In [45], a system dynamics simulation is utilized to investigate the effects of policy-driven adoption of distributed solar photovoltaics (PVs) and electric vehicles (EVs) on the electric grid, including potential congestion challenges. The model integrates feedback mechanisms among governmental incentives, infrastructure advancement, consumer adoption rates, and grid demand. The emphasis is on central authorities (policymakers), as the findings highlight the significance of supportive rules and coordinated planning in facilitating the transition. The Colombian case study indicates that with favorable policies, significant adoption of PV systems and EVs is attainable, resulting in decreased CO2 emissions and a transition of the vehicle fleet to electric. It also underscores the necessity to modify grid capacity and operations to prevent new congestion issues.
In [46], centralized congestion management strategies in the provincial power spot markets of China are analyzed. This paper evaluates the current methodologies, including both direct operator interventions and market-oriented approaches, while proposing enhanced strategies in three areas: (a) cost optimization through generation rescheduling and adjustments to the available transfer capability (ATC), (b) establishment of a “congestion cost pool” for surplus redistribution and price signaling, and (c) implementation of a two-tier transmission rights trading market to hedge against and alleviate congestion risk. The authors illustrate through a provincial case study that their integrated strategy, which merges dispatch adjustments with financial rights trading, substantially reduces congestion resolution costs and enhances system operator efficiency, achieving improvements of approximately 62% in simulations. The results provide guidance to grid operators and regulators on comprehensive, centrally coordinated strategies for managing transmission overload within a market context.
Particularly considering the complicated interdependencies among several stakeholders, a comprehensive knowledge of the electrical system is essential. SD provides a robust approach for creating integrated models that incorporate the co-evolution of generation and transmission capacity, therefore enabling the forecasting and assessment of future expansion scenarios. This includes evaluating emerging technologies, demand variability, infrastructure investment delays, and legislative impacts. By allowing flexible, data-informed decision-making in an ever-changing energy environment, such an approach strengthens policy formulation.
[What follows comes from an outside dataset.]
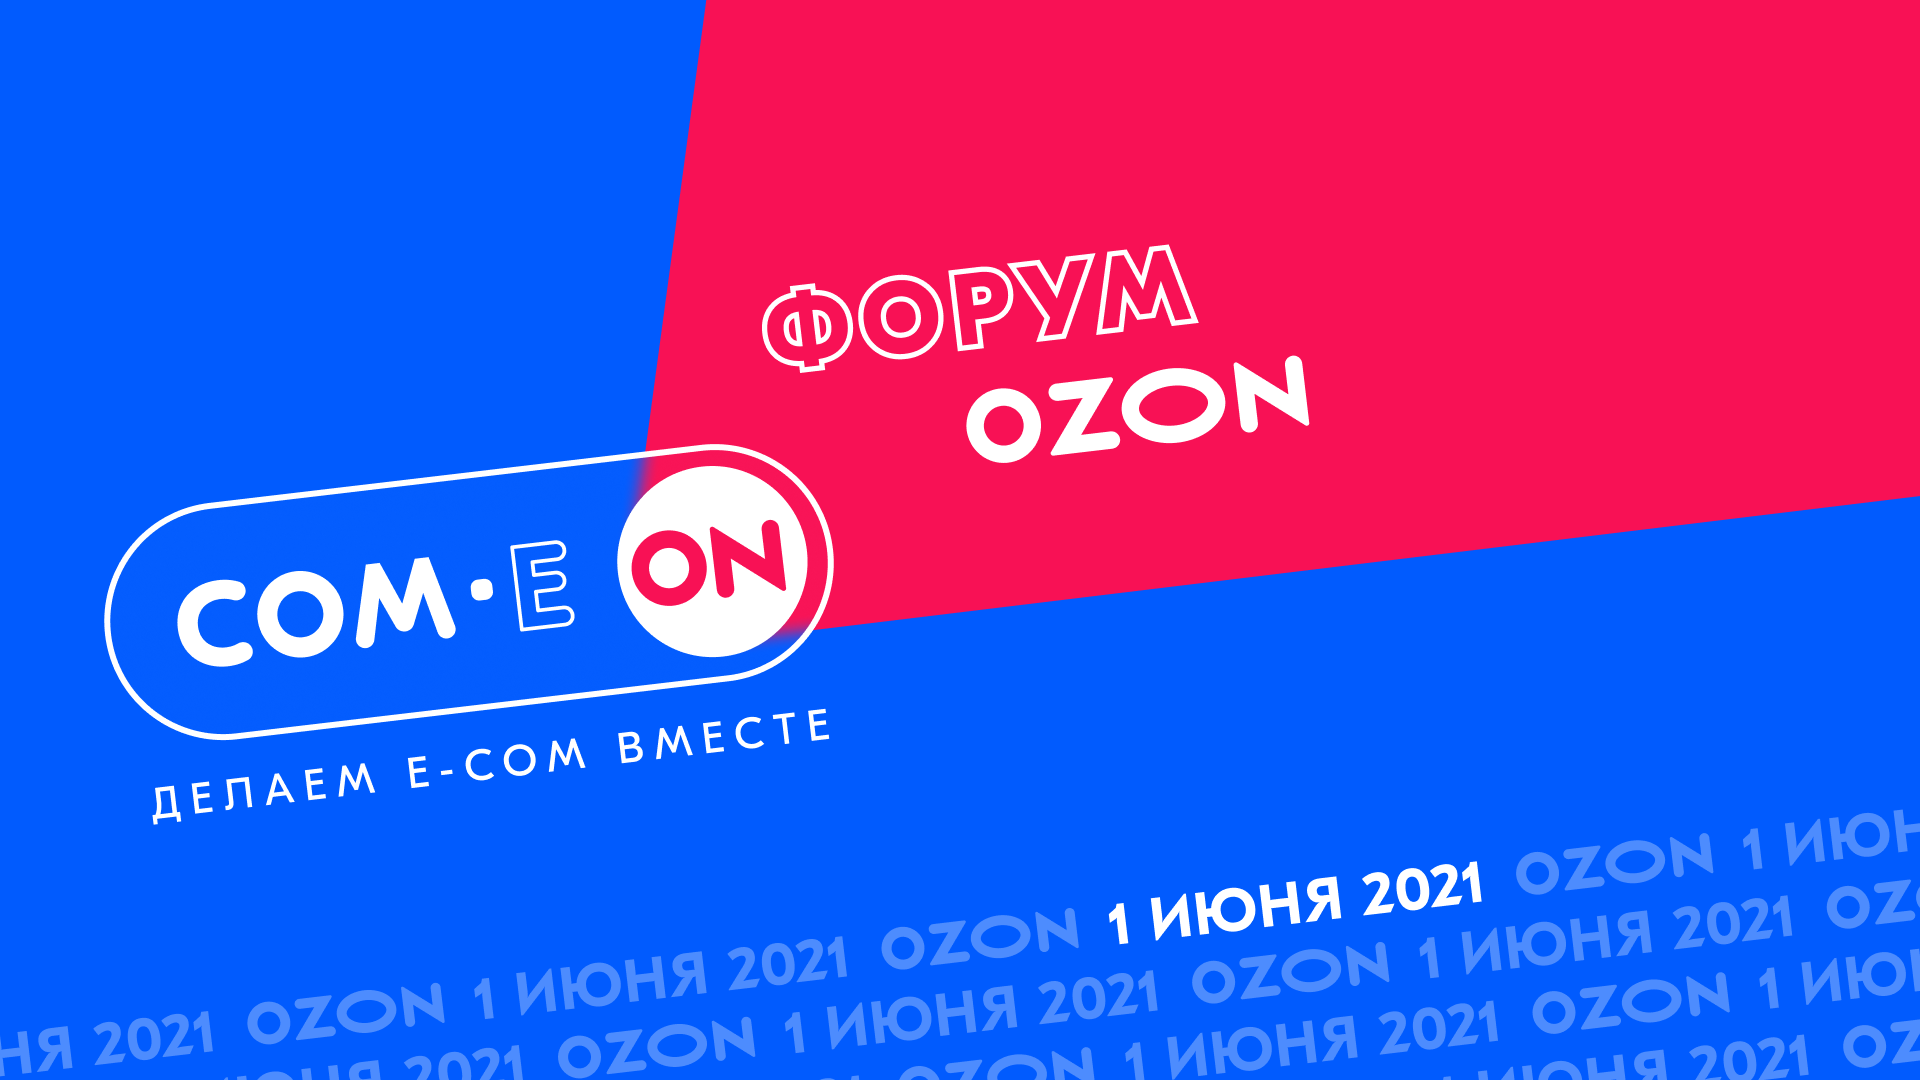 Forum com 1. OZON. OZON конференция. Маркетплейсы Озон. Озон мероприятие.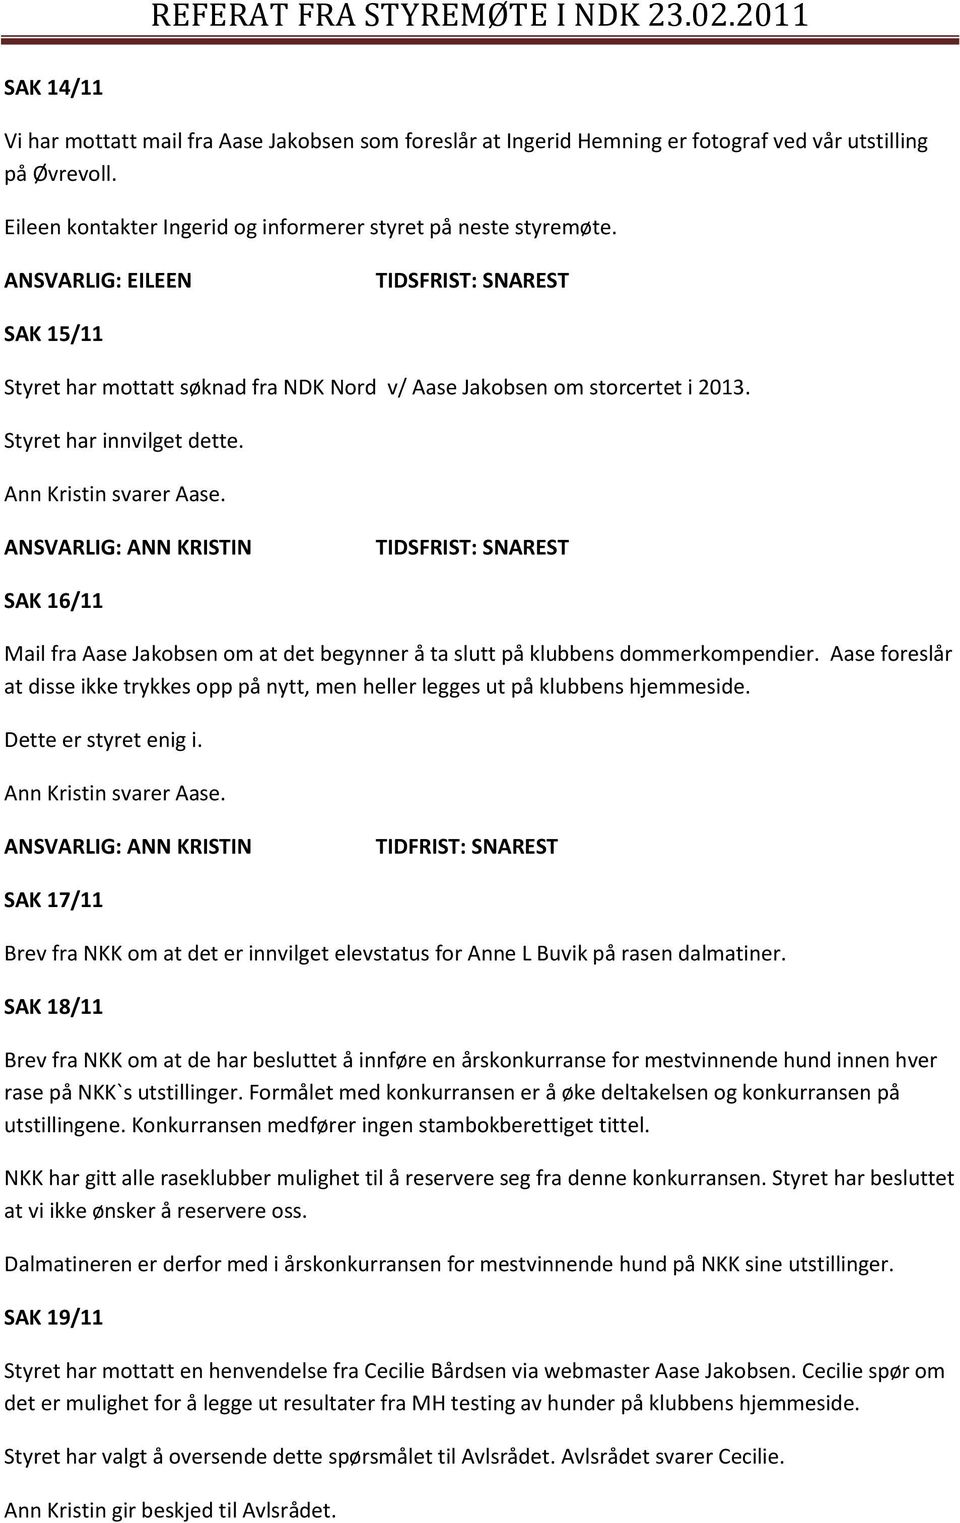 SAK 16/11 Mail fra Aase Jakobsen om at det begynner å ta slutt på klubbens dommerkompendier. Aase foreslår at disse ikke trykkes opp på nytt, men heller legges ut på klubbens hjemmeside.

Larsen and Bunn [47] used SD to investigate market behavior, capacity investment cycles, and strategic risks in deregulated electrical systems; they did not combine the simultaneous modeling of transmission congestion with coordinated capacity expansion. To the best of our knowledge, no study to date has combined network congestion analysis with concurrent planning of both generation and transmission infrastructure in a long-term growth context. Through a system dynamics model that explicitly simulates congestion effects, investment trade-offs, and their impact on infrastructure development paths, our work closes that gap. Consequently, it is important to develop a new SD model to investigate and assess prospective system expansion possibilities during the current energy transition. This model will consider delays in generation and transmission projects, evaluate different expansion strategies, and examine the importance of explicitly simulating network congestion compared to excluding it.
The following section presents the case study and the simulation model, detailing the data sources, the dynamic hypothesis, and the underlying model structure.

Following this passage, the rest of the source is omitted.